To create an RDKit environment in Anaconda and to download the RDKit to the environment, type the command shown on the screen, press enter to run and answer yes to any questions that come up during the installation. Then download the Jupyter Notebooks and text files of the substrate patterns from the supplemental files, one to five. In the command prompt, navigate to the directory containing the maygen.
jar executable file. For each chemical formula of interest use the command shown on the screen to run Maygen. If the formula is a fuzzy formula instead of a discrete formula, replace the hyphen F flag with a hyphen fuzzy flag and enclose any element intervals in brackets.

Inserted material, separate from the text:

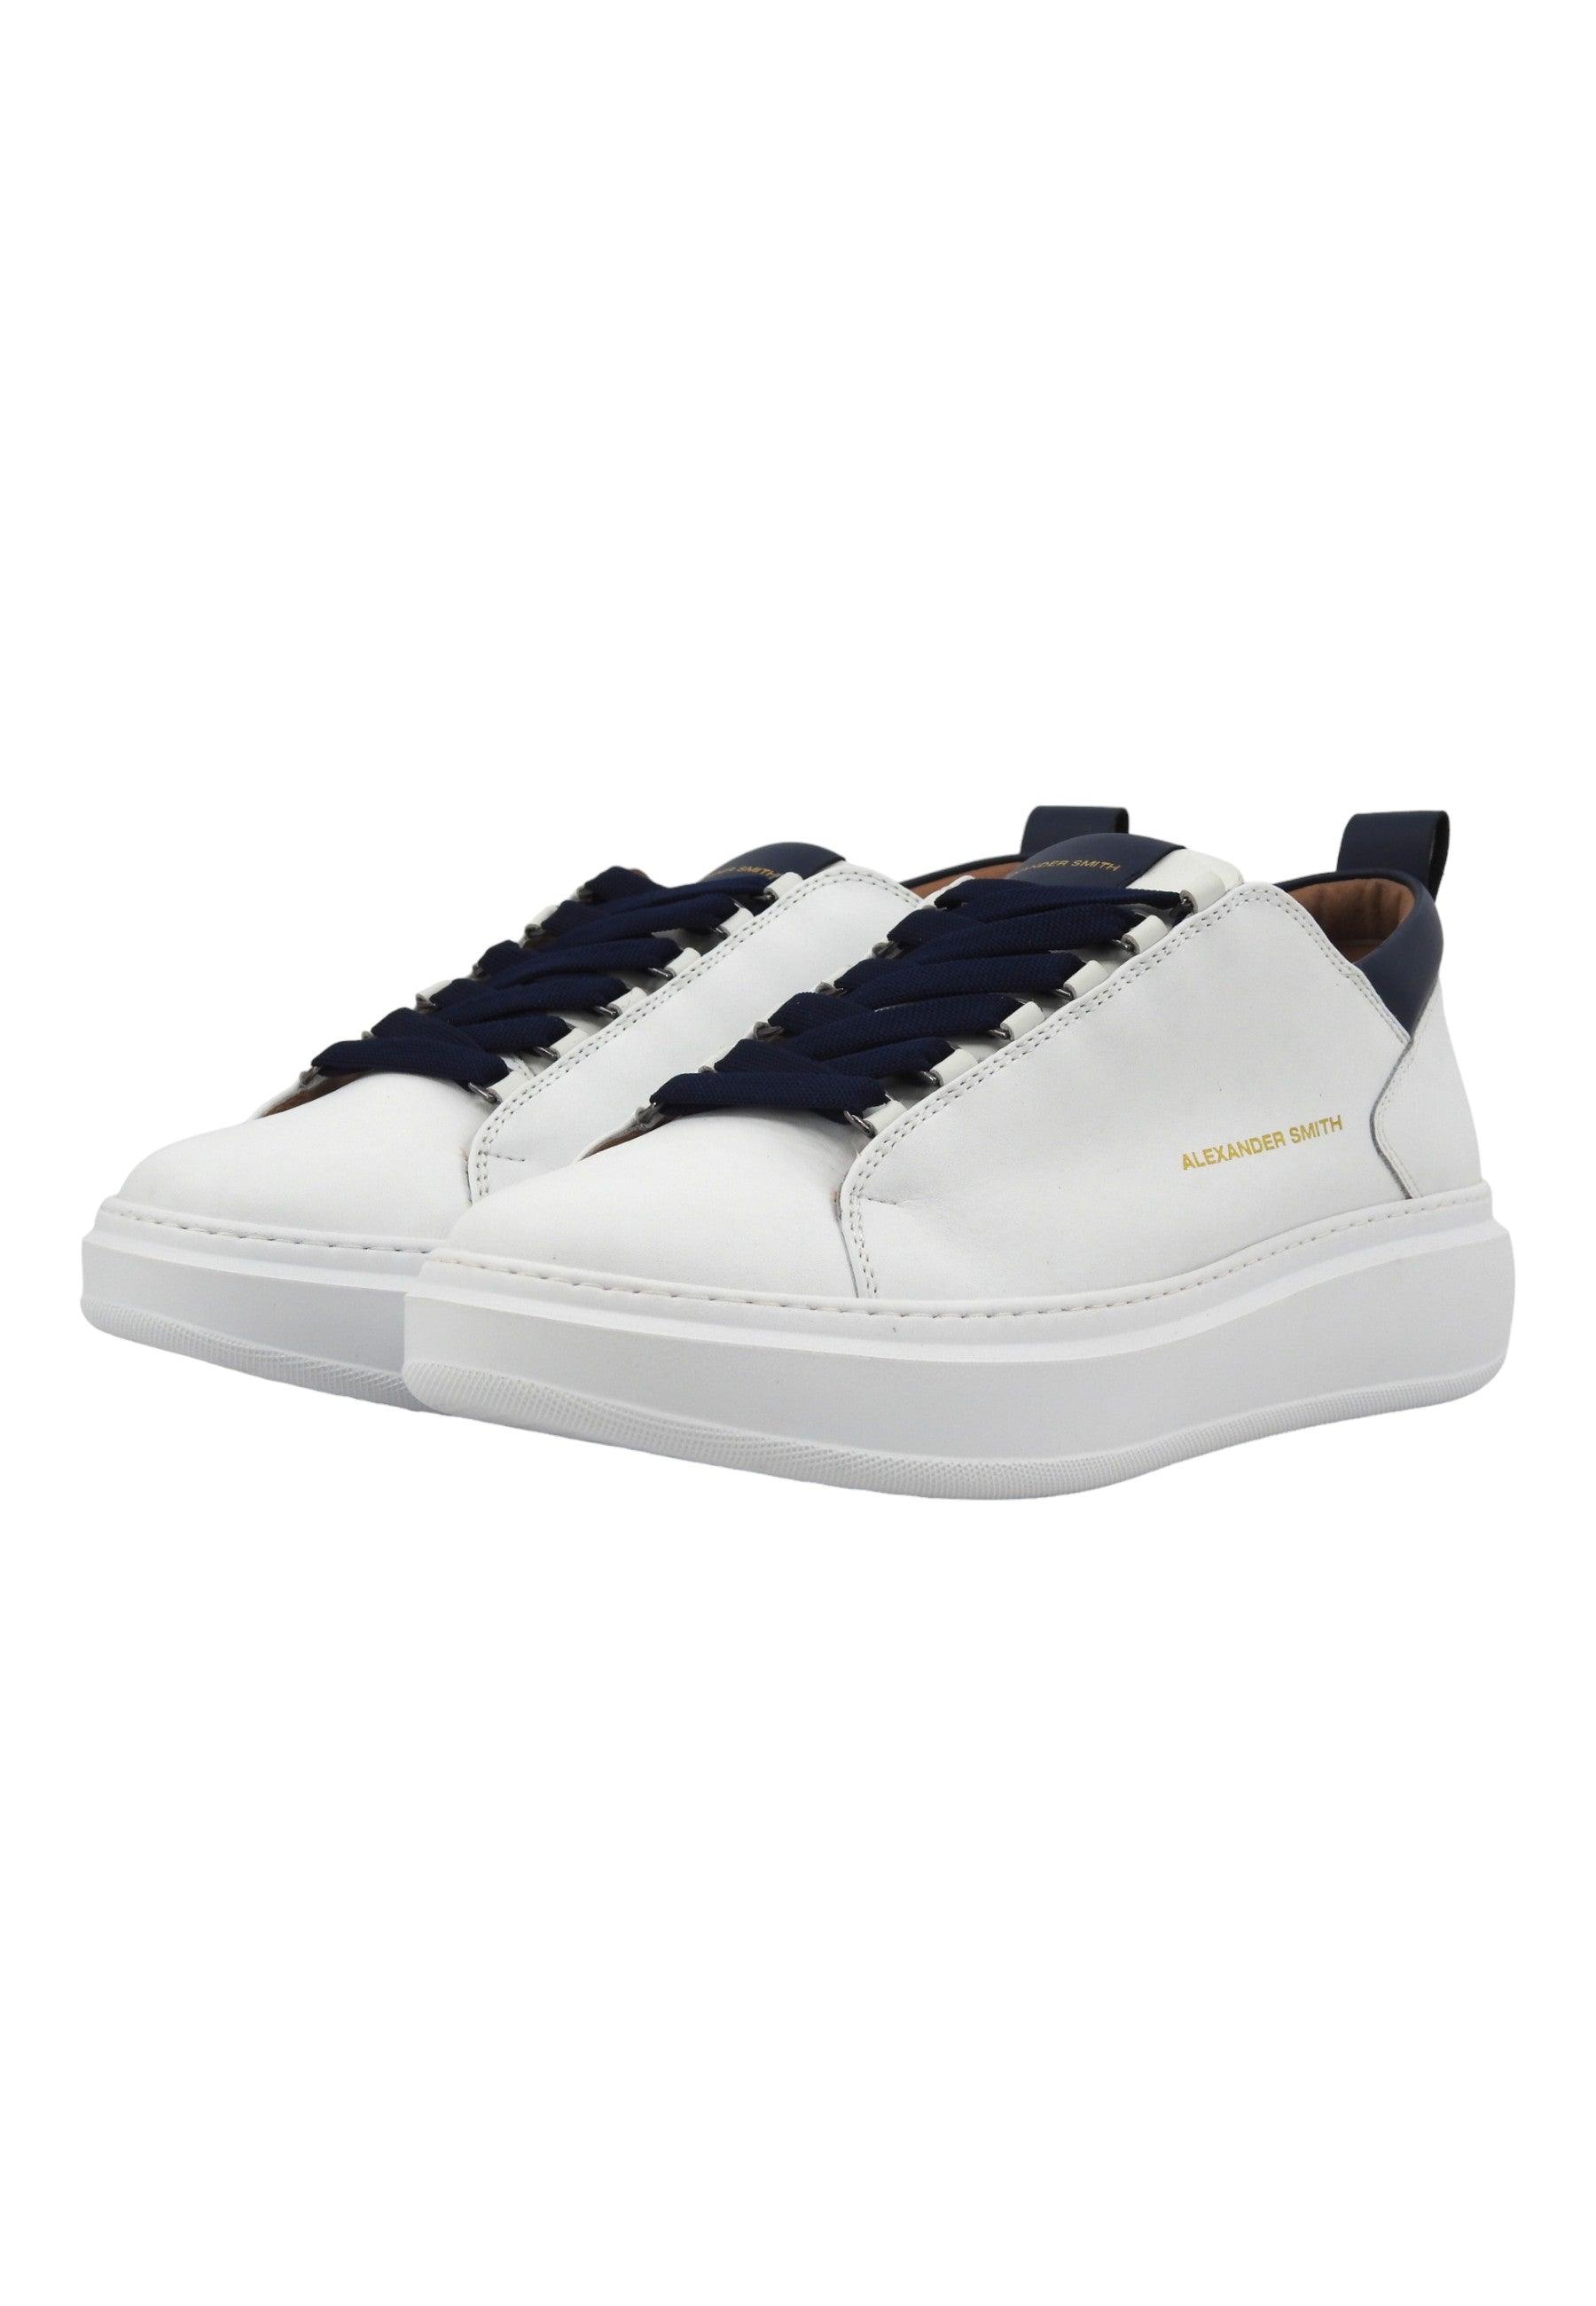 ALEXANDER SMITH Wembley Sneaker Uomo White Blue WYM2260 - Sandrini Calzature e Abbigliamento

In an Anaconda prompt navigate to the folder containing the Jupyter Notebooks and activate the RDKit environment. The downloaded notebooks require RDKit. So any future use of them in this protocol will require them to be opened in the RDKit environment.
Next, open the Jupyter Notebook for substructure filtering and close the file name in quotes if it contains spaces. In the designated cell at the start of the notebook enter the full file path of the input sdf file. The full file path of the desired sdf output file and the file path of the bad list file as strings.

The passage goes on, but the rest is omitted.